◆ **Exercise**: With the material below, print exactly the lines between the line holding "19th Century English" and the line holding "One pink and", inclusive. Add nothing else.

========

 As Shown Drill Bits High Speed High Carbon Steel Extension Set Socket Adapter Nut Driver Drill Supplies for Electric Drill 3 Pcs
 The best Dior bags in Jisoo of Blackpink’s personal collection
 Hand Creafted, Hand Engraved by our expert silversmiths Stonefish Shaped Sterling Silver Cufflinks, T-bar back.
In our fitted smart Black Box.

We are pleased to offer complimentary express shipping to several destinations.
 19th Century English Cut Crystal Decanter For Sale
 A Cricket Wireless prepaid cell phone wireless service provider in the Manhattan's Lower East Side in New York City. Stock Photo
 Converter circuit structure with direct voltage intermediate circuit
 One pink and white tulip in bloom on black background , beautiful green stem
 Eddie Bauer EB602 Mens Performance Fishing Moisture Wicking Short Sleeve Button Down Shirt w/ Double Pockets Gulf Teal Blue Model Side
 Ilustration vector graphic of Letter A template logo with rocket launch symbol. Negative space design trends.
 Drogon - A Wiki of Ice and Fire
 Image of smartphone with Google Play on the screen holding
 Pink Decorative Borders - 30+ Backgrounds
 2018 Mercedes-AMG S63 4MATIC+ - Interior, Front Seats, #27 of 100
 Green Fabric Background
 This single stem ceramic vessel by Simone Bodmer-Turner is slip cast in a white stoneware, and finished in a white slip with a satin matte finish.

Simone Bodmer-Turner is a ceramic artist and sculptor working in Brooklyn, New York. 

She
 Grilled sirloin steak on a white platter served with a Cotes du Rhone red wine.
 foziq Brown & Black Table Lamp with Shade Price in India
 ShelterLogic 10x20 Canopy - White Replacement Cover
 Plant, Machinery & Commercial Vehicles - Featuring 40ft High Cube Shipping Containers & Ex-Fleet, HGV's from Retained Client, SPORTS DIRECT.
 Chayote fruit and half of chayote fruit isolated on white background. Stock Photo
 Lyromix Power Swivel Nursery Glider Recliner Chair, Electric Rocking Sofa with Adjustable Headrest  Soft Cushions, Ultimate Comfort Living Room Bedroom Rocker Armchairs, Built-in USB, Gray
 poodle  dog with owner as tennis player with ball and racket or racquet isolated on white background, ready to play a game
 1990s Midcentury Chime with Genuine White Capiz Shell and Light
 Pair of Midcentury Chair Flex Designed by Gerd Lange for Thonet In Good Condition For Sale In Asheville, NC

========

◆ **Output of the task**:
 19th Century English Cut Crystal Decanter For Sale
 A Cricket Wireless prepaid cell phone wireless service provider in the Manhattan's Lower East Side in New York City. Stock Photo
 Converter circuit structure with direct voltage intermediate circuit
 One pink and white tulip in bloom on black background , beautiful green stem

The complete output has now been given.